The Fold: “how inappropriate land use can damage soils”

The University of Worcester works with a local community farm, The Fold, to help spread the message on how inappropriate land use can damage soils. Written by Katy Boom. Edited by Rosie Bramwell.

Globally, the most frequent cause of hunger is poverty. Supporting students in a cost-of-living crisis means looking at the food source. Helping them to grow their produce to help feed themselves, and work with local farmers and producers to help improve food production that doesn’t damage natural resources is a vital part of this. This is an important role for a University.

Inappropriate land use and damaged soils

Soil degradation happens if farmers lack knowledge and information about the harmful impacts of nitrogen based fertilizers and pesticides, and information on how to use what they have effectively and efficiently. By supporting a local regenerative community farm and helping to disseminate their methods, the University contributes towards reducing food poverty.

Farmers can lack skills to protect food crops in the field and skills to process and store food. Inappropriate land-use can damage natural resources which is a lifeline for them. It is crucial to invest in Human Resources: supporting the growing and farming communities’ knowledge and information at the centre of agricultural and development efforts – universities can be at the forefront of that.

The Fold Community Farm in Bransford is run as a Community Supported Agriculture (CSA). This is a partnership between farmers and consumers in which the responsibilities, risks and rewards of farming are shared. CSA aims to provide farmers with a more stable and secure income, and connect them with their local community. In return, the community benefits from eating fresh, healthy, and local food, feeling more connected with the land and learning new skills.

Staff from The Fold turned to the University to help gather market research from students when establishing their new Veg Box scheme. The university and The Fold have worked together on several projects. For example, creating the Nature Trail signboards and wayfinding and attending and supporting Go Green Weeks. Here staff and students can learn more about all aspects of sustainability including how inappropriate land use can damage natural resources.

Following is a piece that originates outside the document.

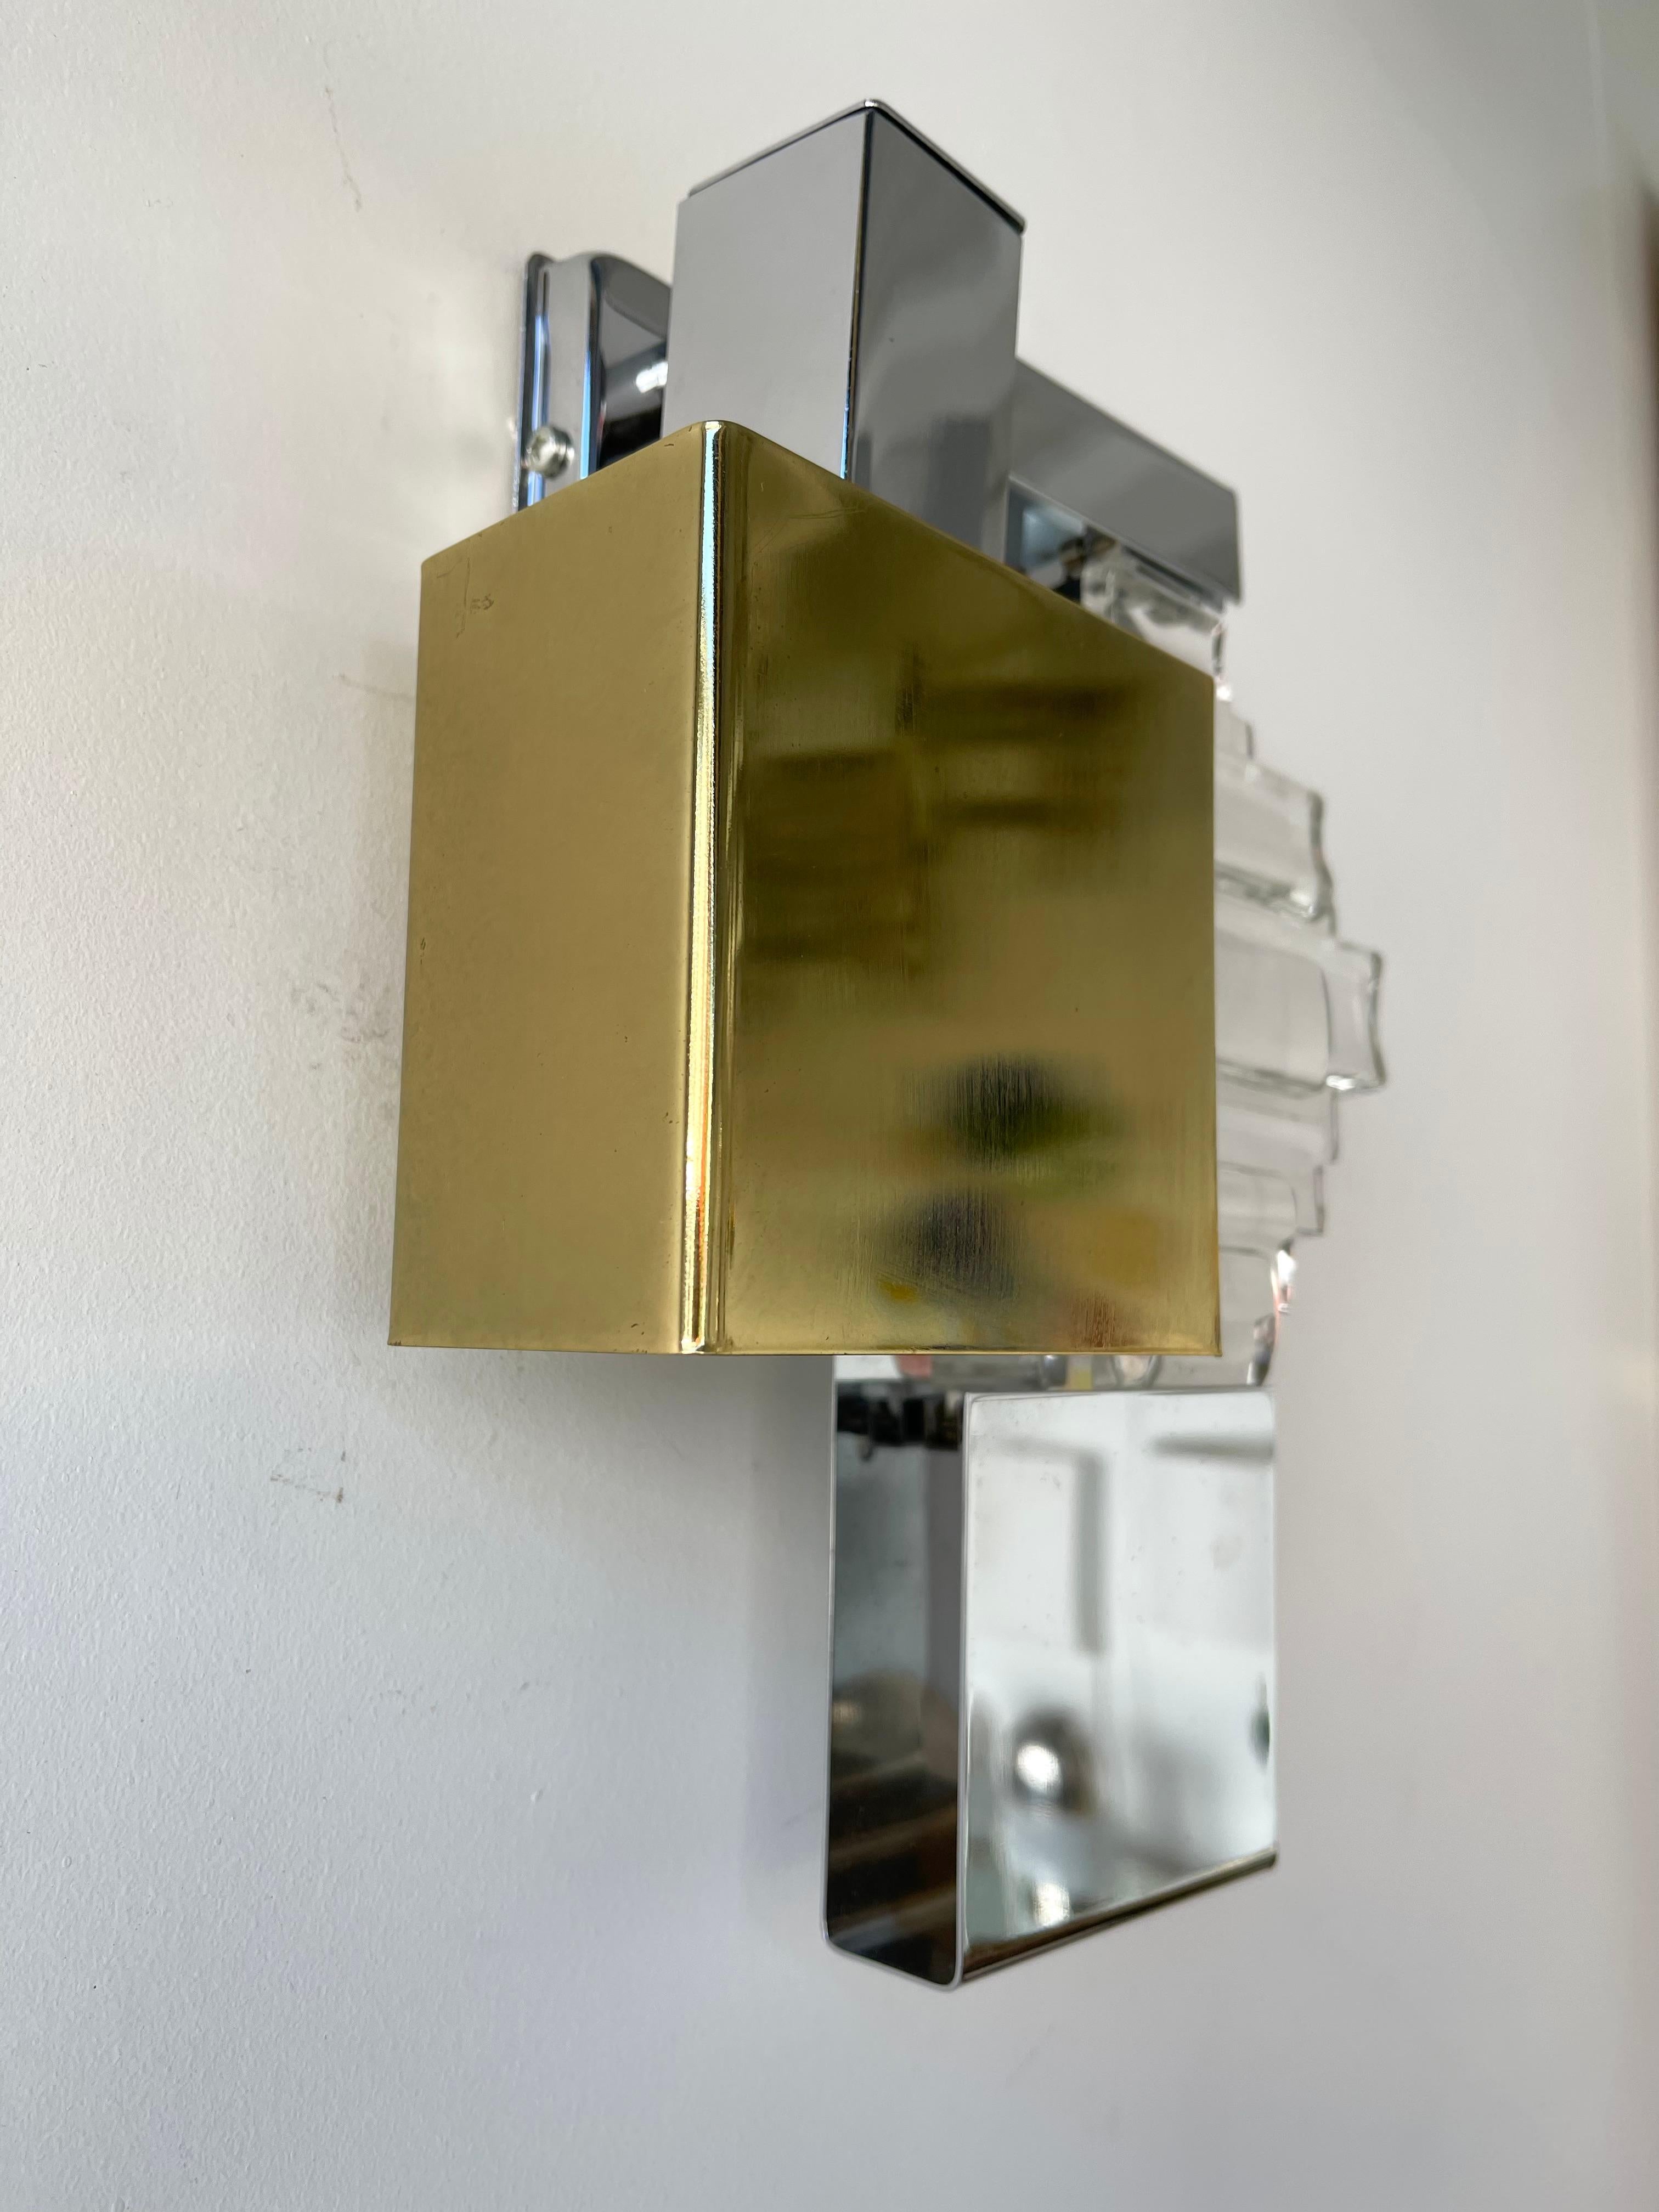 Pair of wall lamps lights sconces in metal chrome, brass and glass by Sciolari for the editor Stilkronen. 2 positions possible on wall. Famous design like Reggiani, Stilux, Targetti Sankey.

Discussions and input centred around:

  • What constitutes a sustainable veg box scheme? Is it organic? Is it local? How many miles is local? Seasonal? Grown under glass/heated?
  • How viable are these business models at a national scale?
  • The role of supermarkets.
  • Challenges impacting farmers.
  • Demand from customers.

The key difference to a traditional veg box, where you have no engagement with the farm except purchasing a box, is that you become a shareholder of the Farm’s harvest and a member of the Fold Community Farm. In return, they offer free community events, such as seasonal farm tours, communal meals, and volunteer days on the farm.

This model puts you in touch with seasonality, members share the harvest. This means that in the summer, veg shares will reflect the rich abundance of the seasonal produce grown in warmer months. In the cold months of winter, when fewer things grow, boxes are smaller.

Community on campus

Students at the university have ongoing concerns with the cost of living crisis. On campus, we have an allotment and gardening society, where students are supported in growing projects. The society aims to make people feel comfortable in nature and feel confident in looking after the environment around them.

Take a look at our Instagram, @uw_sustain, for details about the Community Cupboard and Food Donation Point on the St Johns campus!

The Community Cupboard is a two-way system for students to donate and take whatever they need. This includes dry food, tins, toiletries and sanitary products. The Food Donation Point (Hines Building, St Johns) shares its donations with the local and surrounding community.